COMMENTARY from Article on Medscape Gastroenterology

When It Comes to PPIs, Why All the 'Mayhem'?
David A. Johnson, MD
Disclosures at end

May 26, 2017

Hello. I am Dr David Johnson, professor of medicine and chief of gastroenterology at Eastern Virginia Medical School in Norfolk, Virginia.

It would be an understatement to say that proton pump inhibitor (PPI) noise has created mayhem for patients and healthcare providers. Two papers have just come out that will help us put some sanity around these concerns. The first paper is an evidence-based Delphi international consensus[1] that addressed over-the-counter (OTC) use of PPIs, and the second is the most recent expert consensus from the American Gastroenterological Association (AGA)[2] for prescription use of PPIs. These papers give very strong re-edification that evidence of harm is very weak.

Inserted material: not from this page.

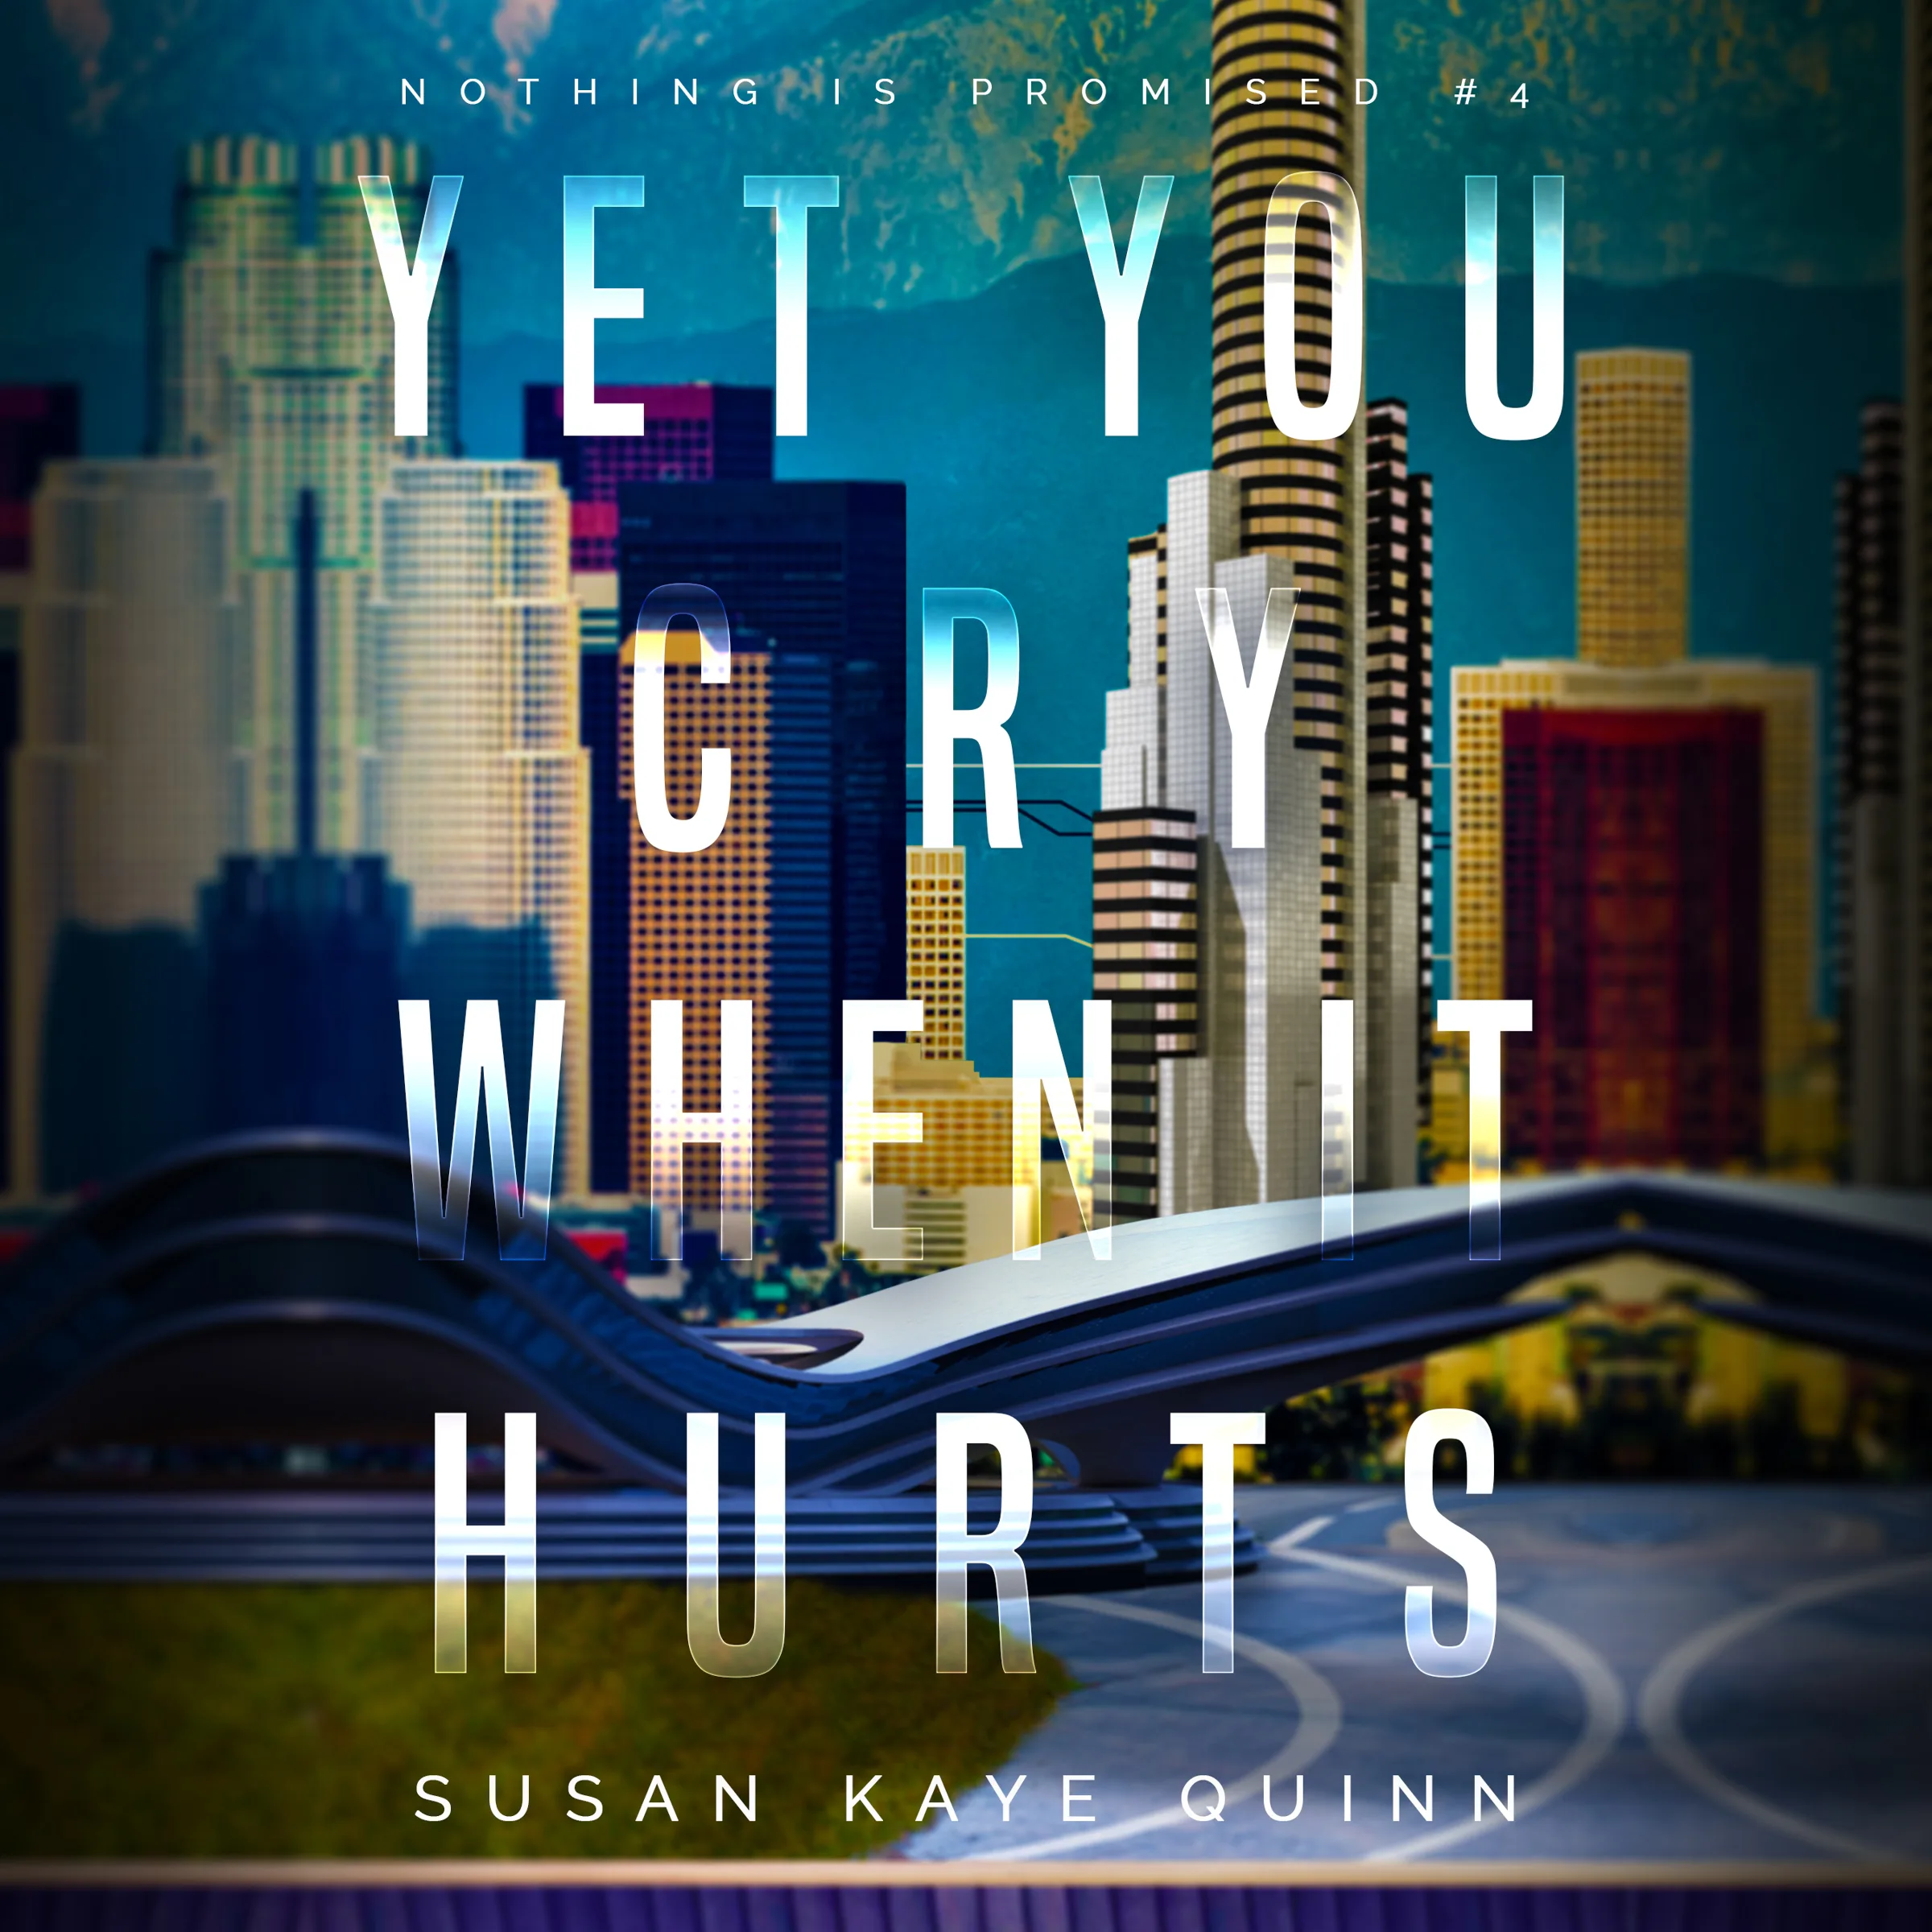 Yet You Cry When it Hurts by Susan Kaye Quinn

Let's go through the different concerns and talk about best practice recommendations.
Dementia Risk

The AGA[2] recognizes that the science on the [association of dementia with PPI use] is lacking. For the two studies that alleged harm, the odds ratios (ORs) were extremely low, [and the studies were] very subject to stratification bias. There was no recommendation for concern.
Bone Fracture Risk

The very insidious concern about bone fracture [risk associated with PPIs] goes back to a University of Pennsylvania study published in JAMA.[3] Long-term, evidence-based studies, such as that from Laura Targownik[4] in Canada, have shown us that there is not a concern for bone density loss. For both the Delphi consensus[1] and the AGA[2] documents, there is no specific recommendation that people on OTC or long-term PPIs should be monitored any differently for bone density. Patients do not need baseline or serial sequential studies, and they do not need supplemental calcium.
Vitamin and Mineral Changes

Along those same lines, [possible changes] in iron and magnesium [levels associated with PPI use] are recognized in the literature. These changes may be idiosyncratic and rare. Both the Delphi consensus[1] and the AGA expert guidance[2] do not recommend routine monitoring of any element, including calcium, magnesium, and iron. In addition, vitamins, such as B12, do not need to be monitored in people on long-term or short-term PPIs.
Renal Insufficiency

How about renal insufficiency?

The renal issue has made a lot of noise, and people are fearful about acute or chronic renal insufficiency. Both the Delphi and the AGA documents recognize that there is a risk for renal insufficiency due to acute interstitial nephritis. We think that this is idiopathic. Both documents recommend that people do not need to be monitored or screened routinely for renal toxicity [associated with PPI use]. Only symptom-directed testing, if applicable, is recommended.
Infection Risk

How about infection?
There are randomized controlled trial (RCT) data finding that pneumonia is not increased with PPIs and actually may be a little bit decreased.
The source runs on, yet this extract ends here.